Machine Learning Monitoring: What It Is, and What We Are Missing

Is there life after deployment?

Elena Samuylova
Towards Data Science

--

Chart: model awesomeness over time
Image by author.

Is there life after deployment?

Congratulations! Your machine learning model is now live. Many models never make it that far. Some claim, as much as 87% are never deployed. Given how hard it is to get from a concept to a working application, the celebration is well deserved.

It might feel like a final step.

Indeed, even the design of machine learning courses and the landscape of machine learning tools add to this perception. They extensively address data preparation, iterative model building, and (most recently) the deployment phase. Still, both in tutorials and practice, what happens after the model goes into production is often left up to chance.

Model lifecycle: data preparation, feature engineering, model training, model evaluation, model deployment — ?
Image by author.

The simple reason for this neglect is a lack of maturity.

Aside from a few technical giants that live and breathe machine learning, most industries are only starting up. There is limited experience with real-life machine learning applications. Companies are overwhelmed with sorting many things out for the first time and rushing to deploy. Data scientists do everything from data cleaning to the A/B test setup. Model operations, maintenance, and support are often only an afterthought.

One of the critical, but often overlooked components of this machine learning afterlife is monitoring.

Why monitoring matters

An ounce of prevention is worth a pound of cure — Benjamin Franklin

With the learning techniques we use these days, a model is never final. In training, it studies the past examples. Once released into the wild, it works with new data: this can be user clickstream, product sales, or credit applications. With time, this data deviates from what the model has seen in training. Sooner or later, even the most accurate and carefully tested solution starts to degrade.

The recent pandemic illustrated this all too vividly.

Some cases even made the headlines:

  • Instacart’s model’s accuracy predicting item availability at stores dropped from 93% to 61% due to a drastic shift in shopping habits.
  • Bankers question whether credit models trained on good times can adapt to the stress scenarios.
  • Trading algorithms misfired in response to market volatility.

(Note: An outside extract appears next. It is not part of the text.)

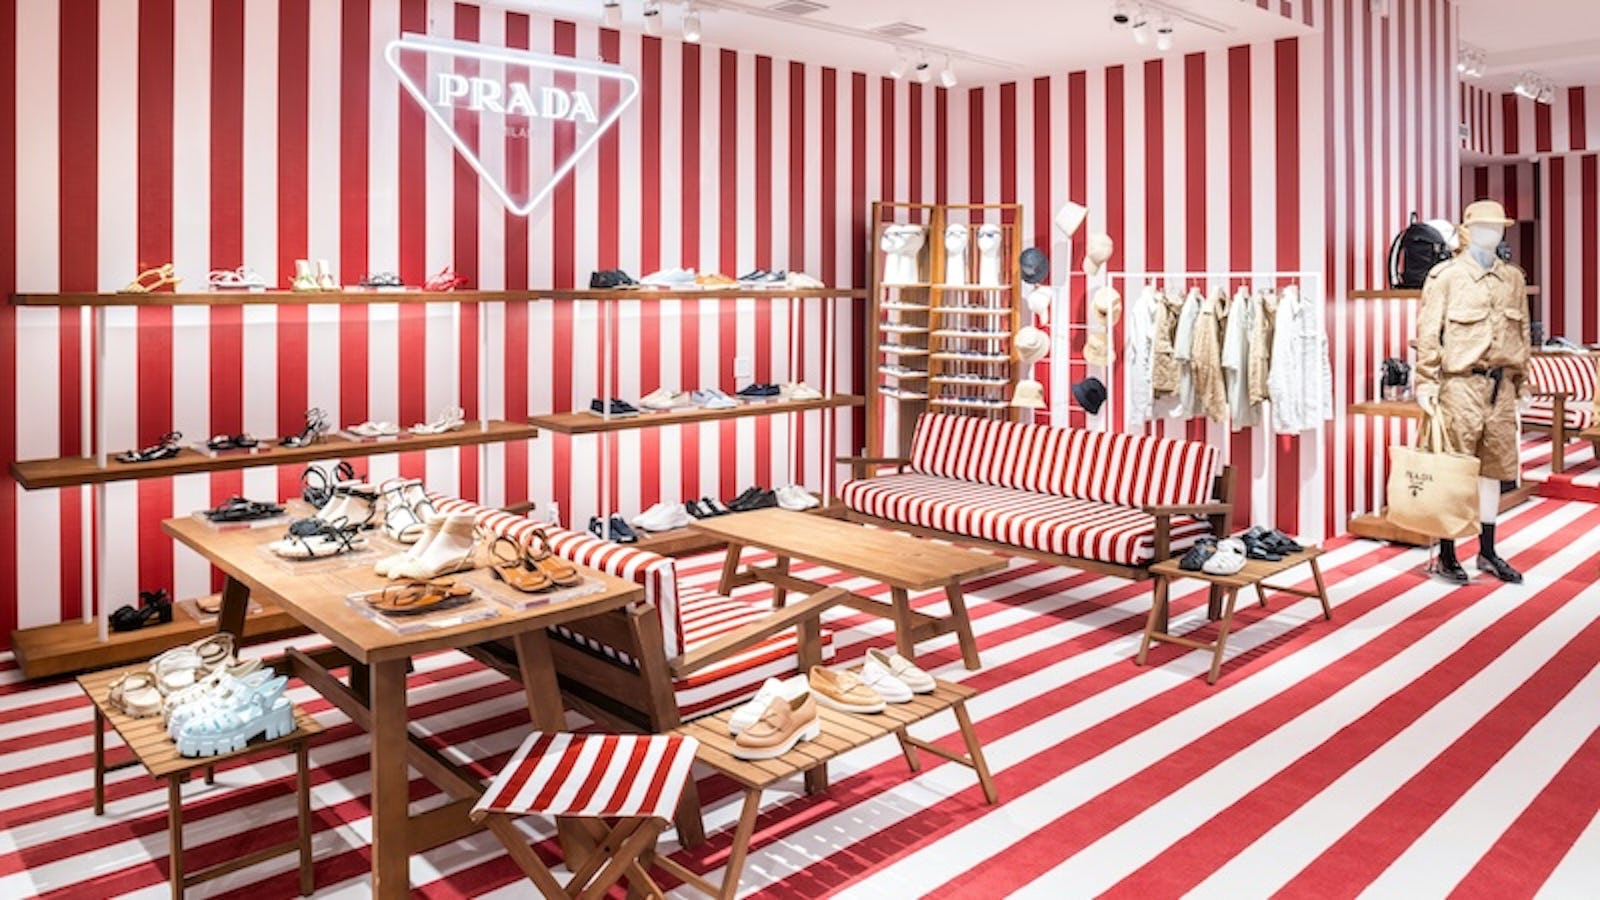 Prada East Hampton store, re-opened for the summer: The 1600-square-foot store features red-and-ivory retro stripes from floor to ceiling, making it the perfect background for your next Instagram post.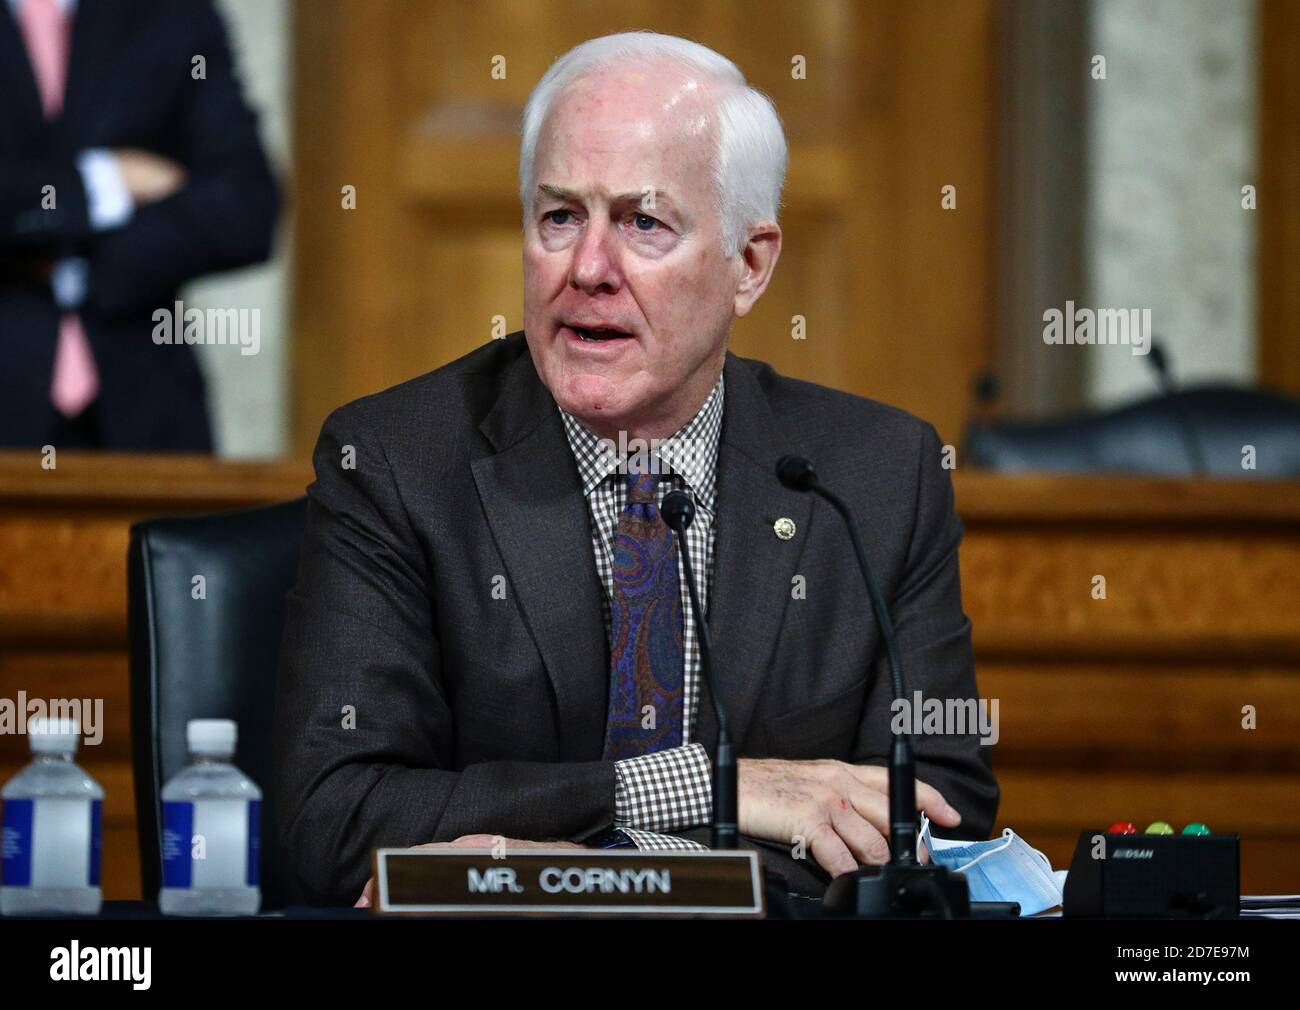 U.S. Senator John Cornyn (R-TX) attends a Senate Judiciary Committee meeting on the nomination of  Judge Amy Coney Barrett to be an associate justice of the U.S. Supreme Court on Capitol Hill in Washington, U.S., October 22, 2020. (Photo by Hannah McKay/Pool/Sipa USA) Stock Photo

Some funds had a 21% fall.
  • Image classification models had to learn the new normal: a family at home in front of laptops can now mean “work,” not “leisure.”
  • Even weather forecasts are less accurate since valuable data disappeared with the reduction of commercial flights.
Home office with children playing on the background
A new concept of “office work” your image classification model might need to learn in 2020.
(Image by Ketut Subiyanto on Pexels)

On top of this, all sorts of issues occur with live data.

There are input errors and database outages. Data pipelines break. User demographic changes. If a model receives wrong or unusual input, it will make an unreliable prediction. Or many, many of those.

Model failures and untreated decay cause damage.

Sometimes this is just a minor inconvenience, like a silly product recommendation or wrongly labeled photo. The effects go much further in high-stake domains, such as hiring, grading, or credit decisions. Even in otherwise “low-risk” areas like marketing or supply chain, underperforming models can severely hit the bottom line when they operate at scale. Companies waste money in the wrong advertising channel, display incorrect prices, understock items, or harm the user experience.

Here comes monitoring.

We don’t just deploy our models once. We already know that they will break and degrade. To operate them successfully, we need a real-time view of their performance. Do they work as expected? What is causing the change? Is it time to intervene?

This sort of visibility is not a nice-to-have, but a critical part of the loop. Monitoring bakes into the model development lifecycle, connecting production with modeling. If we detect a quality drop, we can trigger retraining or step back into the research phase to issue a model remake.

Model lifecycle: after model deployment comes serving and performance monitoring.
Image by author.

Let us propose a formal definition:

Machine learning monitoring is a practice of tracking and analyzing production model performance to ensure acceptable quality as defined by the use case. It provides early warnings on performance issues and helps diagnose their root cause to debug and resolve.

How machine learning monitoring is different

One might think: we have been deploying software for ages, and monitoring is nothing new. Just do the same with your machine learning stuff. Why all the fuss?

There is some truth to it. A deployed model is a software service, and we need to track the usual health metrics such as latency, memory utilization, and uptime. But in addition to that, a machine learning system has its unique issues to look after.

Monitoring Iceberg. Above water: service health. Below water: data and model health.
Image by author.

First of all, data adds an extra layer of complexity.

It is not just the code we should worry about, but also data quality and its dependencies. More moving pieces — more potential failure modes! Often, these data sources reside completely out of our control. And even if the pipelines are perfectly maintained, the environmental change creeps in and leads to a performance drop.

Is the world changing too fast? In machine learning monitoring, this abstract question becomes applied. We watch out for data shifts and casually quantify the degree of change. Quite a different task from, say, checking a server load.

To make things worse, models often fail silently.

There are no “bad gateways” or “404”s. Despite the input data being odd, the system will likely return the response. The individual prediction might seemingly make sense — while being harmful, biased, or wrong.

Imagine, we rely on machine learning to predict customer churn, and the model fell short. It might take weeks to learn the facts (such as whether an at-risk client eventually left) or notice the impact on the business KPI (such as a drop in quarterly renewals). Only then, we would suspect the system needs a health check! You’d hardly miss a software outage for that long. In the land of unmonitored models, this invisible downtime is an alarming norm.

To save the day, you have to react early. This means assessing just the data that went in and how the model responded: a peculiar type of half-blind monitoring.

Input Data — Model response — You are here — Ground Truth — Business KPI
Image by author.

The distinction between “good” and “bad” is not clear-cut.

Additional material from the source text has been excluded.